5-FU 1000 mg/m2/24 h was given by continuous infusion on days 1 to 4 of each cycle. The chemotherapy cycles were repeated every 28 days. Patients had a 4-week rest after the completion of radiation and then received an additional two cycles (days 1 and 29) of chemotherapy. Therefore, cycle three of chemotherapy started on week 11 in the high-dose arm and week 9 in the standard-dose arm.
The result of this study shows that there was no significant difference in median survival (13 vs. 18.1 months), 2-year survival (31% vs. 40%), or locoregional failure (56% vs. 52%) between the high-dose and standard-dose arms, respectively. This trial established 5040 cGy as the standard dose for definitive chemoradiation.
Two hundred sixty patients diagnosed with carcinoma esophagus referred for definitive chemoradiotherapy were randomly assigned between two arms. SCC histology constituted 61% of cases, and adenocarcinoma was 39%. A standard deviation (SD) arm planned to receive a radiation dose of 50.4 Gy in 28 fractions for 5.5 weeks to the tumor and regional lymph nodes, and a HD arm is planned to receive radiation up to a total dose of 61.6 Gy to the primary tumor. Chemotherapy consisted of courses of concurrent carboplatin (area under curve 2) and paclitaxel (50 mg/m2) in both arms once a week for 6 weeks. Both the arms got at least five doses of concurrent chemotherapy.

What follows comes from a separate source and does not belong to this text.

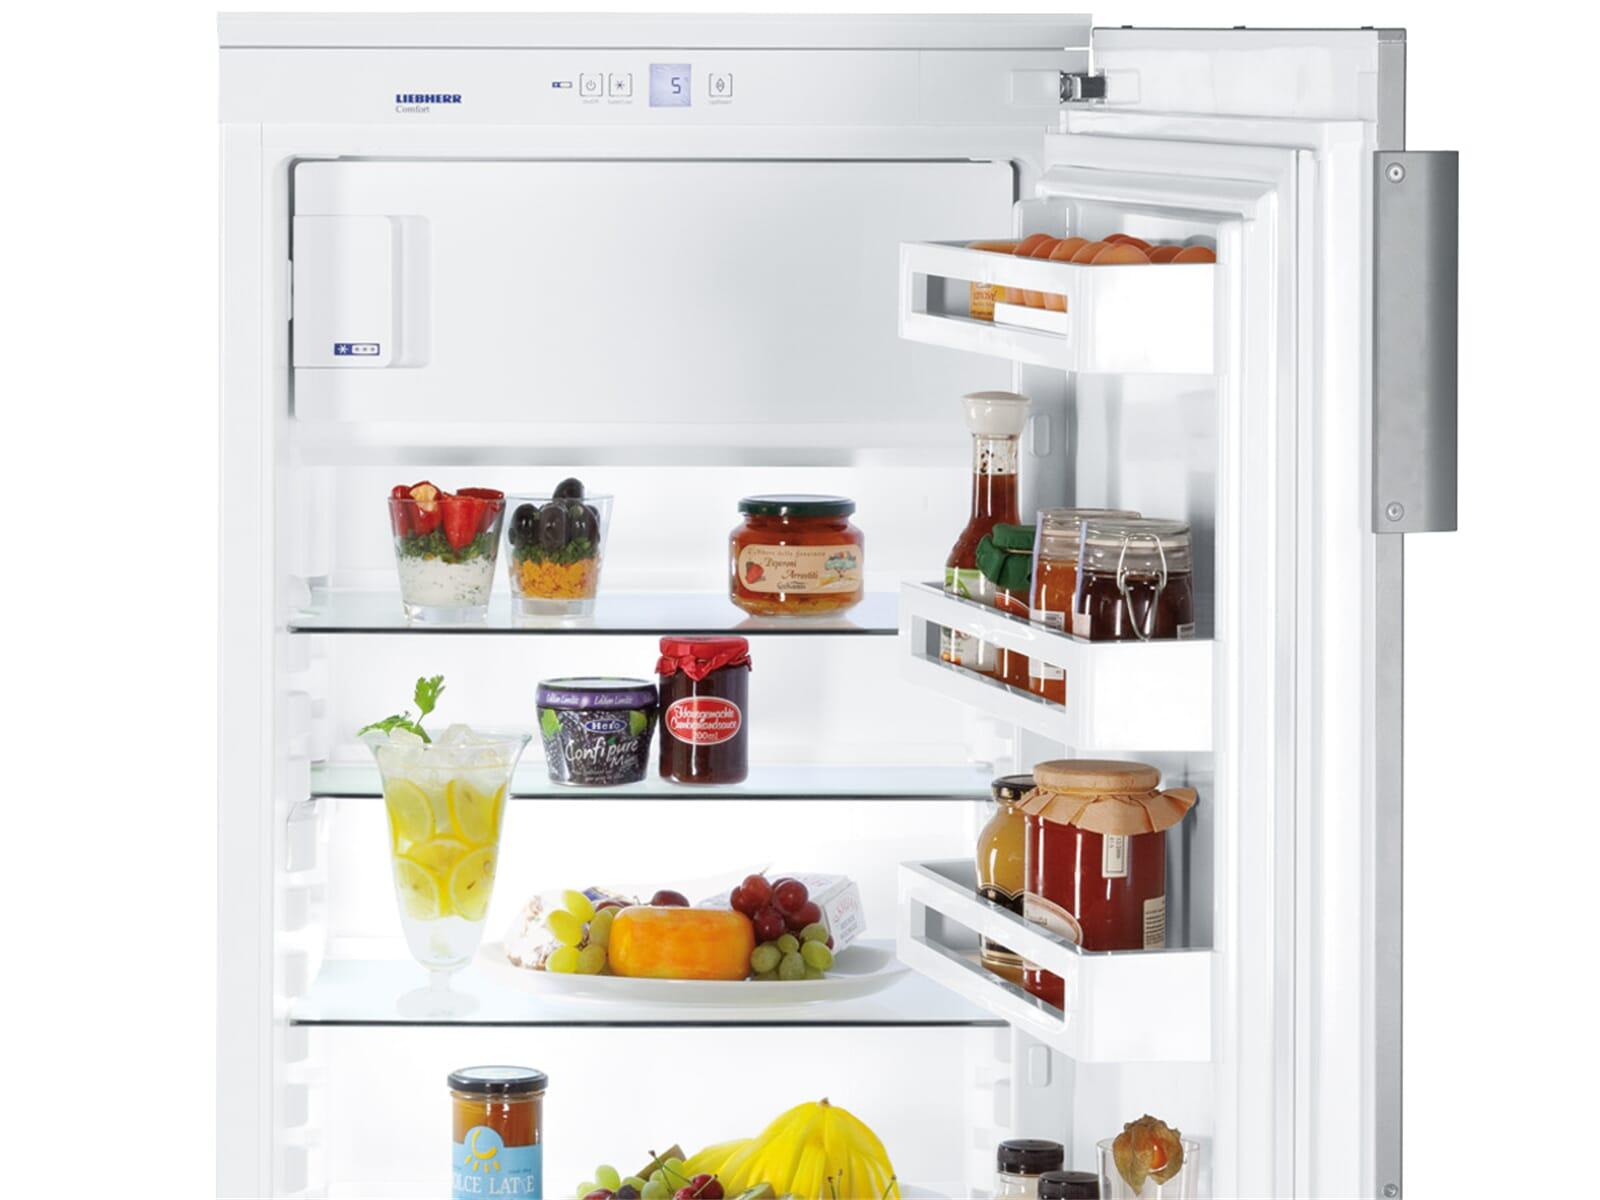 Miniküche Kühlschrank Austauschen : Miniküche mit ceranfeld und kühlschrank kühlschrank

Six MV photons were used to deliver radiation using multiple conformal beams.
The clinical target volume (CTV) of the 50.4 Gy consists of 3-cm margins added to the proximal and distal ends of the GTV. CTV included primary GTV and the regional lymph node area. The regional lymph nodal areas included in the treatment portals were periesophageal fatty tissue, the supraclavicular area on both sides, the aortopulmonary window, and the subcarinal area. The fatty tissue along the left gastric artery in the hepatogastric ligament and regions within the 3-cm proximal and distal extension from the GTV is also included in the portals. All pathologic nodes had to be included in the CTV with at least a 0.5-cm margin. In the case tumor extends into the stomach, the CTV margin was limited to 2 cm in the direction of the cardia. The planning target volume (PTV) consisted of the CTV plus a margin of 1 cm in all directions [Figure 1]. [Table 1] depicts RT details including the CTV margins used in the major trials of definitive chemoradiation.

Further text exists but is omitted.